Excerpts from a dataset

----------------------------------------

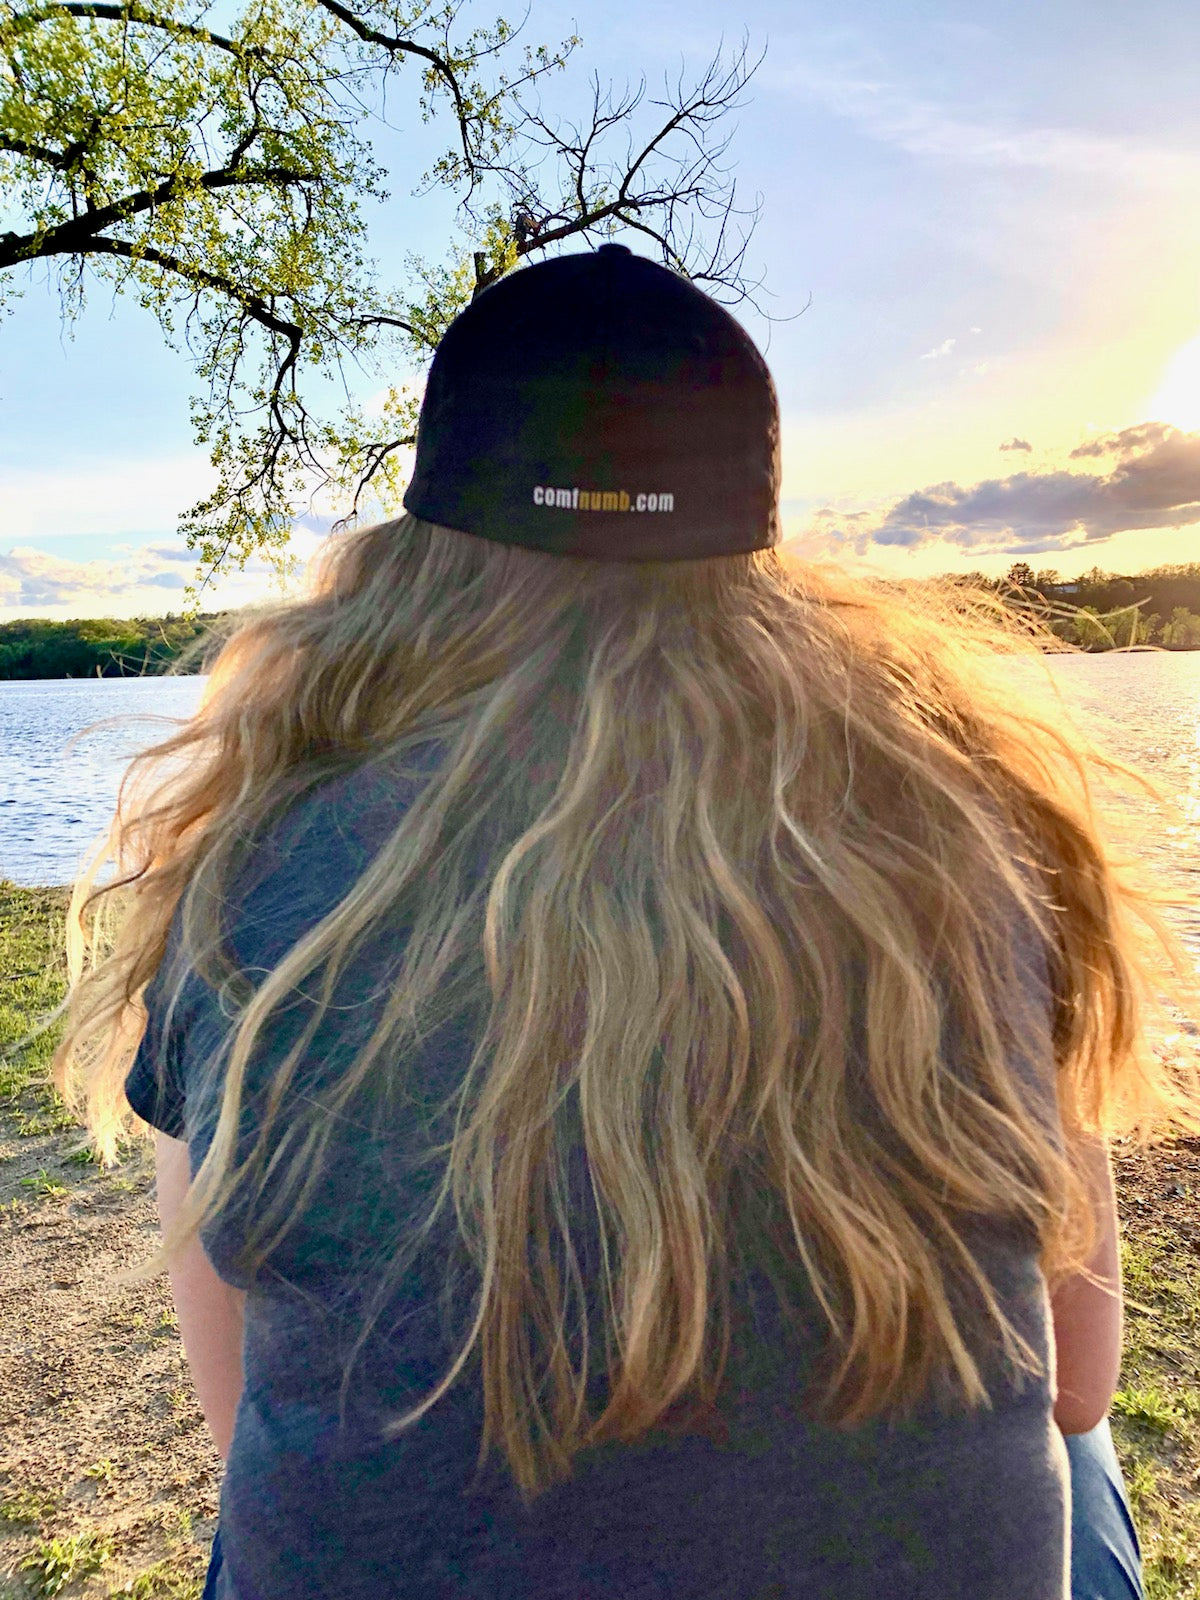 Watching the sunset by the St Croix River in Hudson, Wisconsin with a Cool Comfortably Numb baseball cap for women.
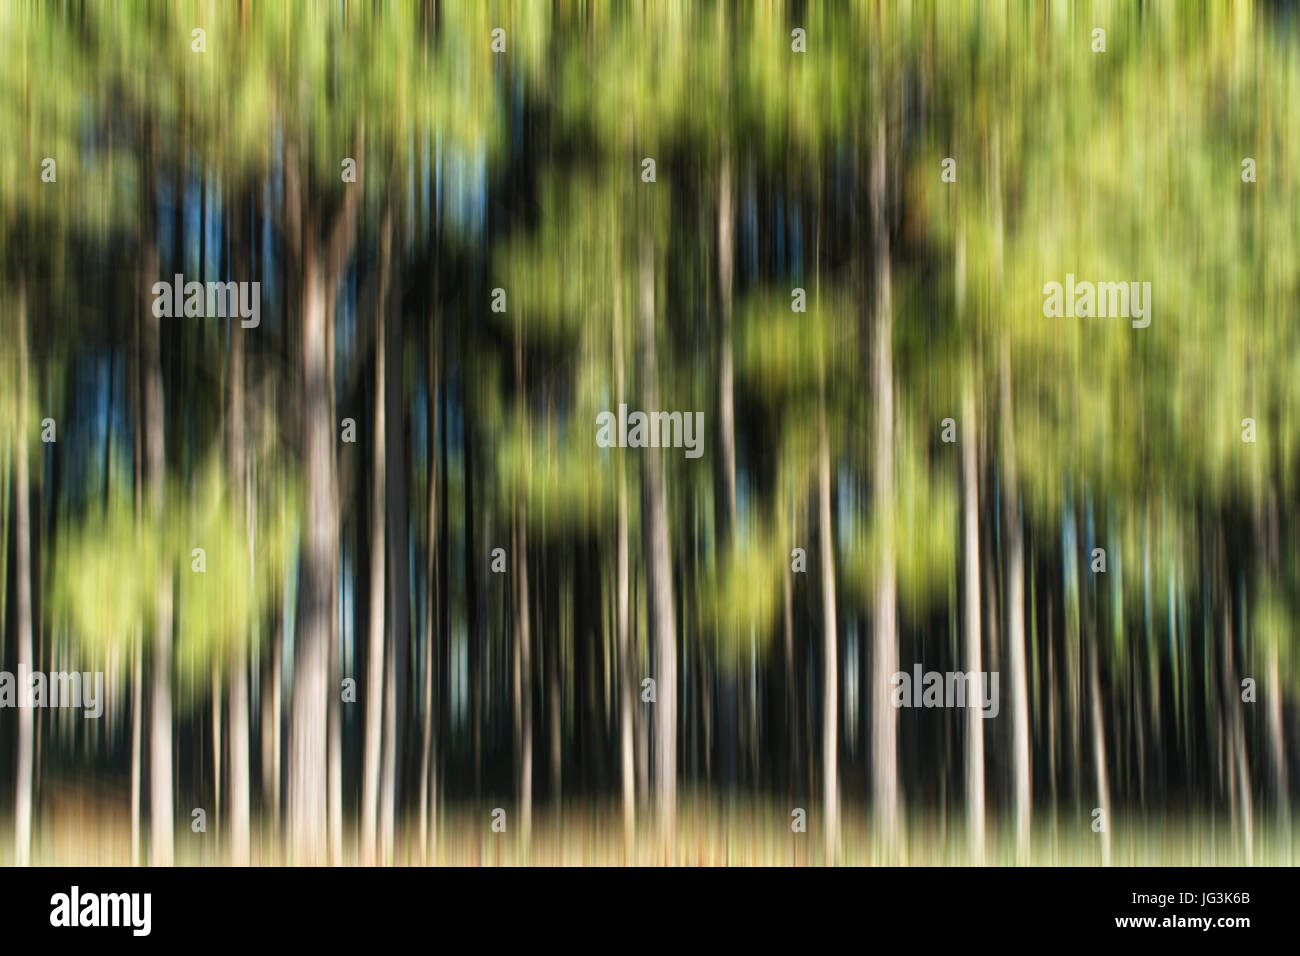 Abstract motion blurred trees in a forest Stock Photo
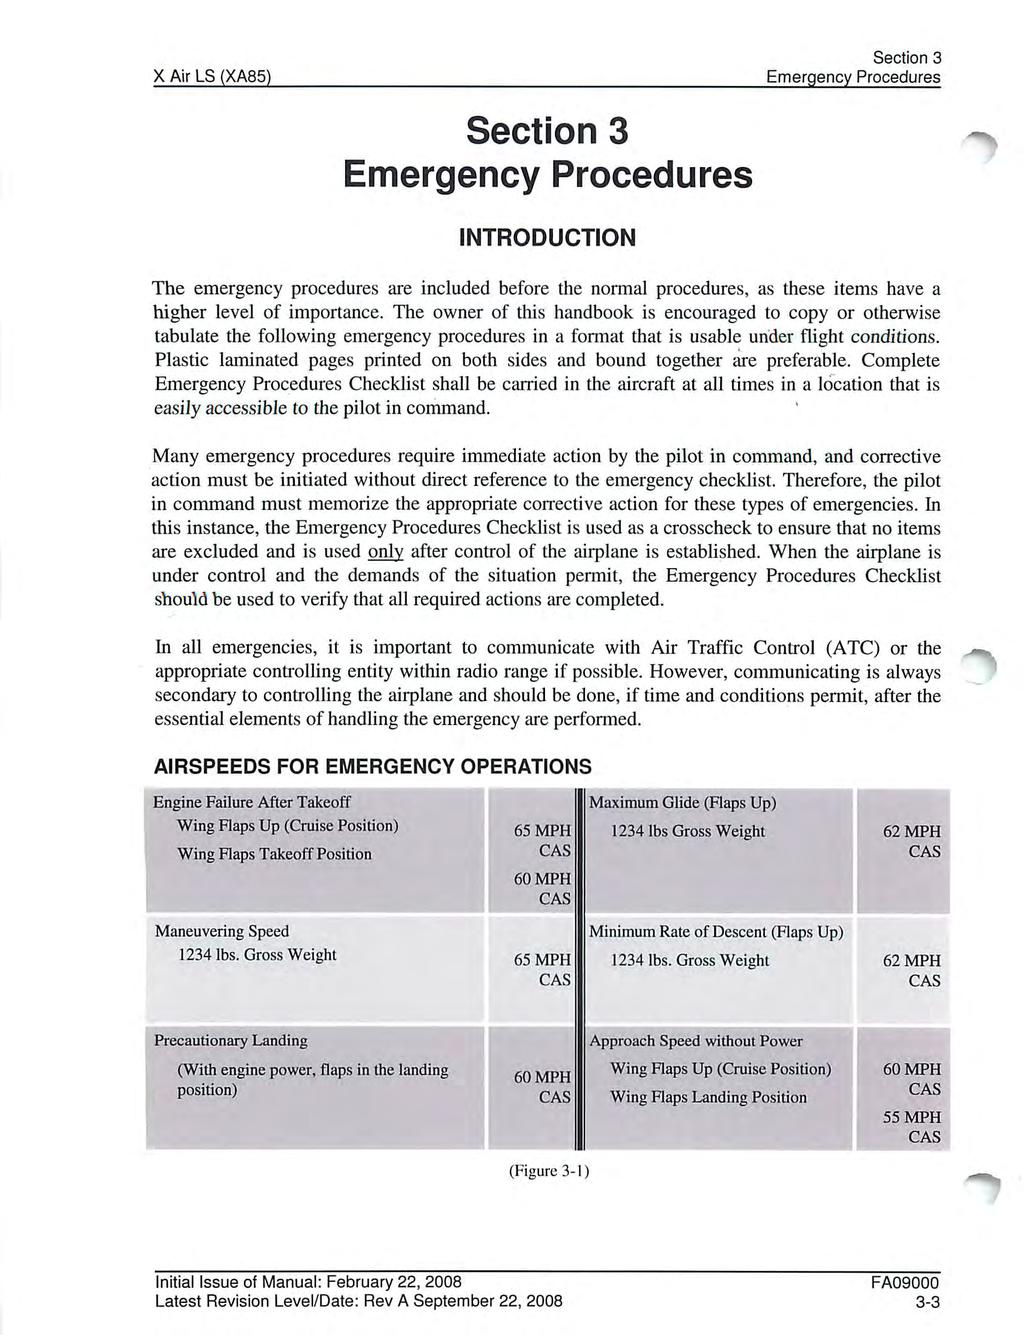 X Air LS (XA85) Section 3 Emergency Procedures Section 3 Emergency Procedures INTRODUCTION The emergency procedures are included before the normal procedures, as these items have a higher level of
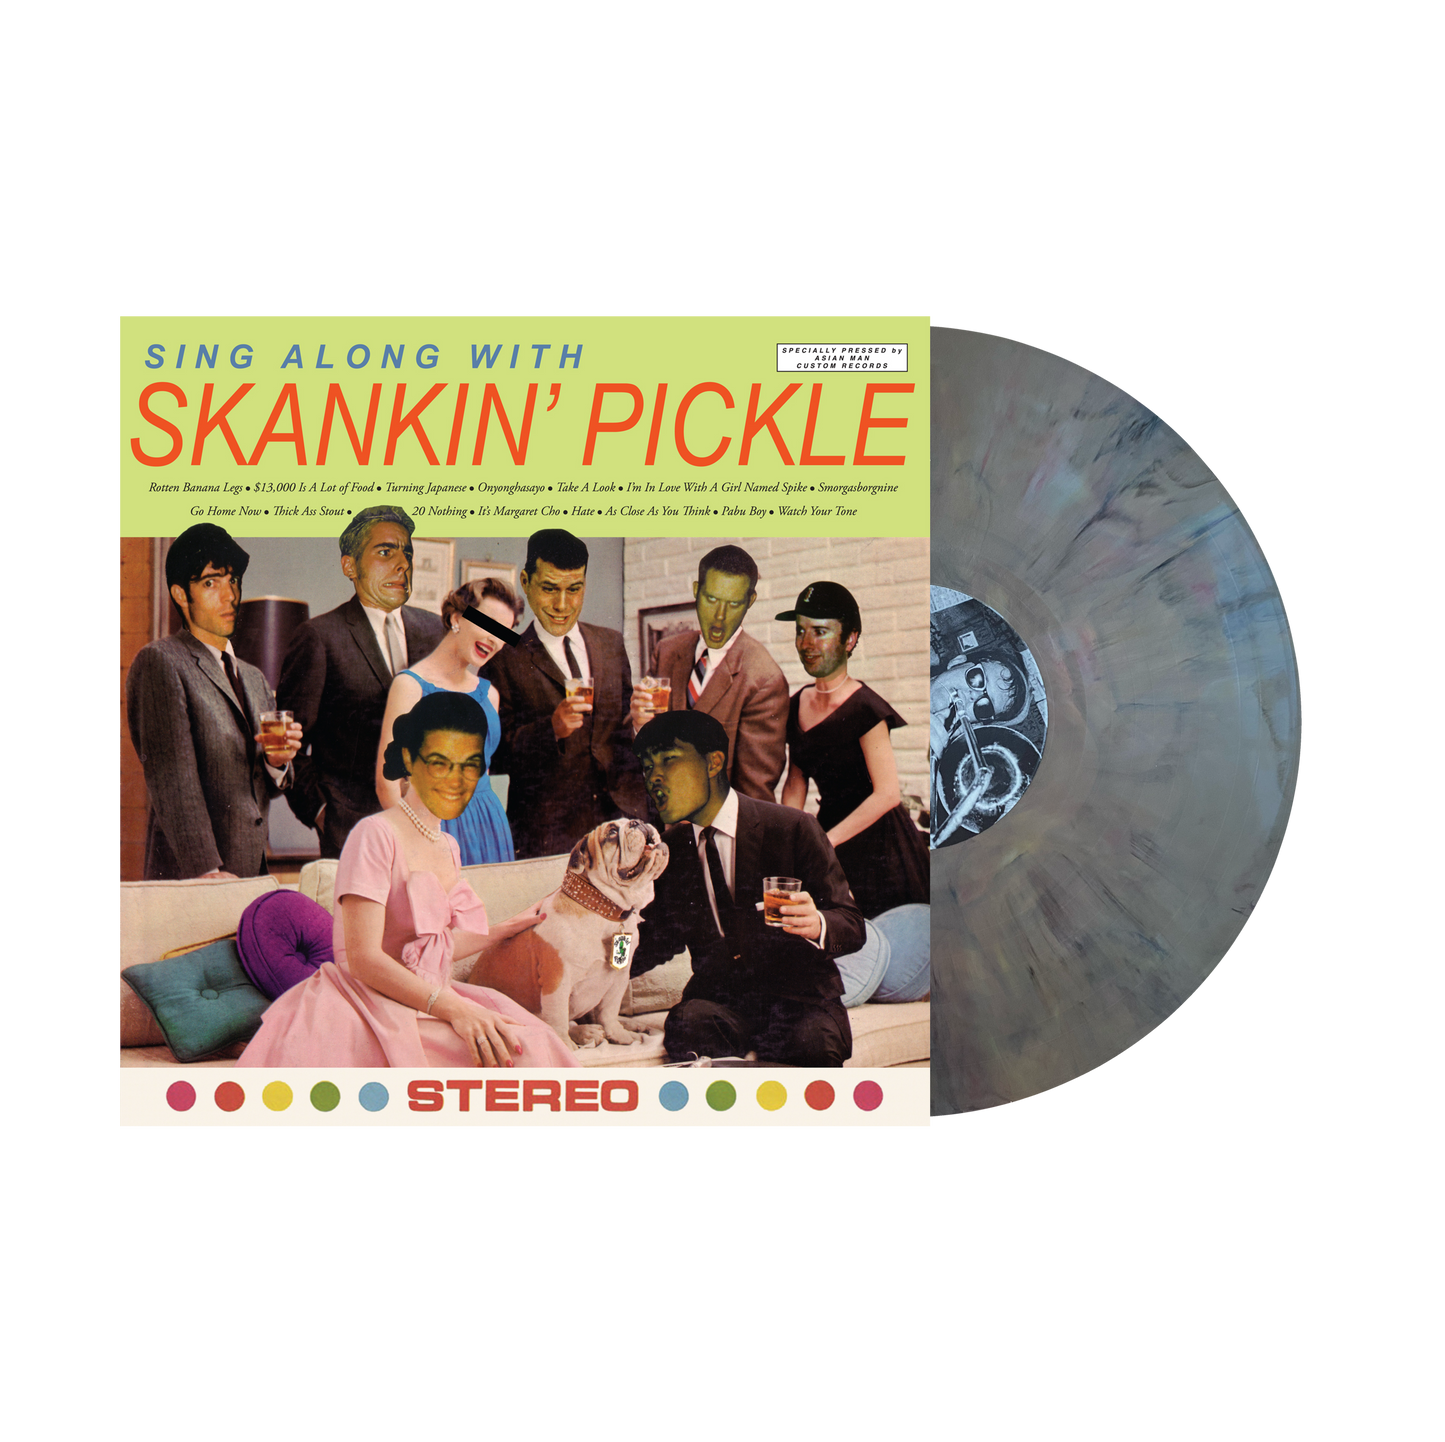 Skankin Pickle "Sing Along With..." LP
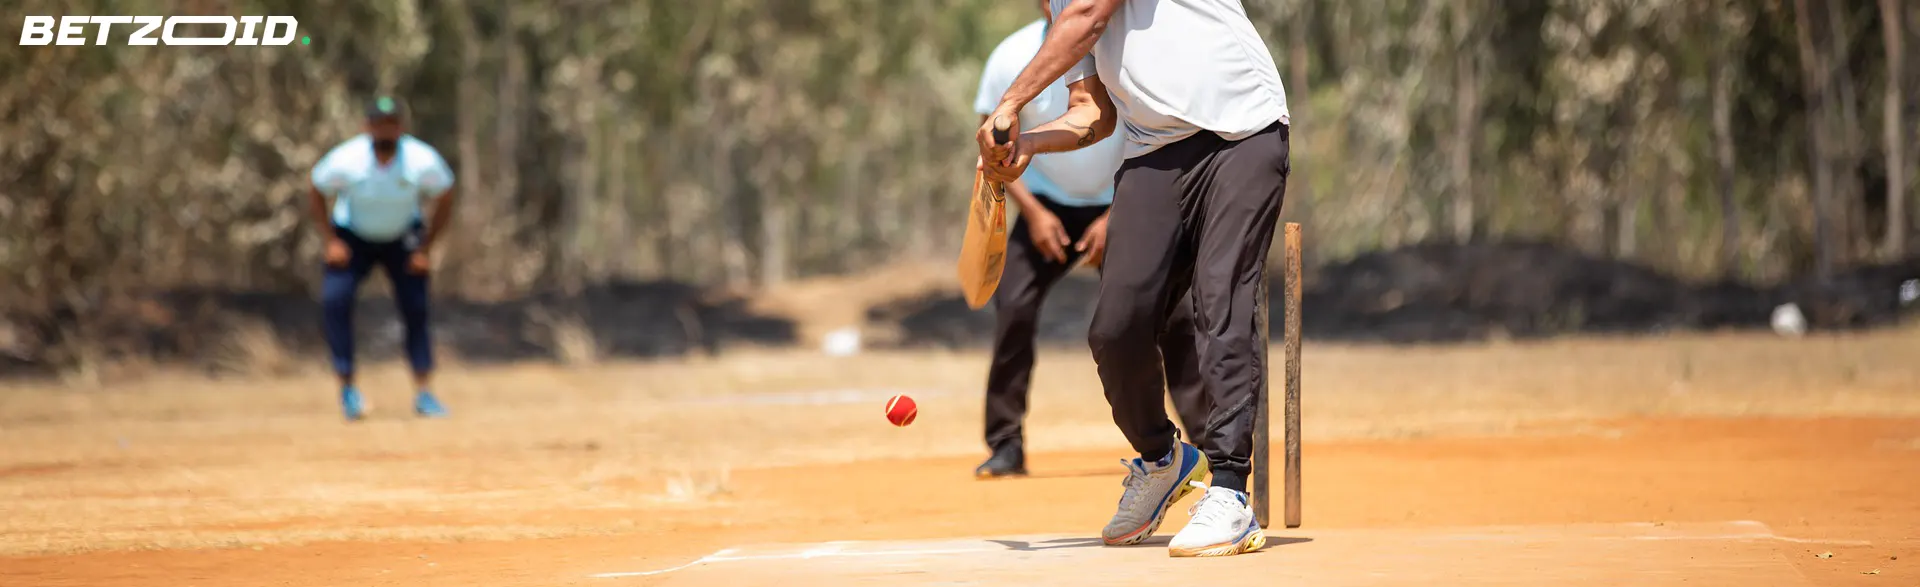 A cricket match in action with the bowler releasing the ball, highlighting cash-out options at Canadian bookies.

----------------------------------------

## Task statement
Extract only the lines from the one that contains "X Air LS (XA85)" through the end of the records, inclusive, and omit every picture.

## Answer to the exercise
 X Air LS (XA85) Section 3 Emergency Procedures Section 3 Emergency Procedures INTRODUCTION The emergency procedures are included before the normal procedures, as these items have a higher level of
 Skankin Pickle "Sing Along With..." LP
 A cricket match in action with the bowler releasing the ball, highlighting cash-out options at Canadian bookies.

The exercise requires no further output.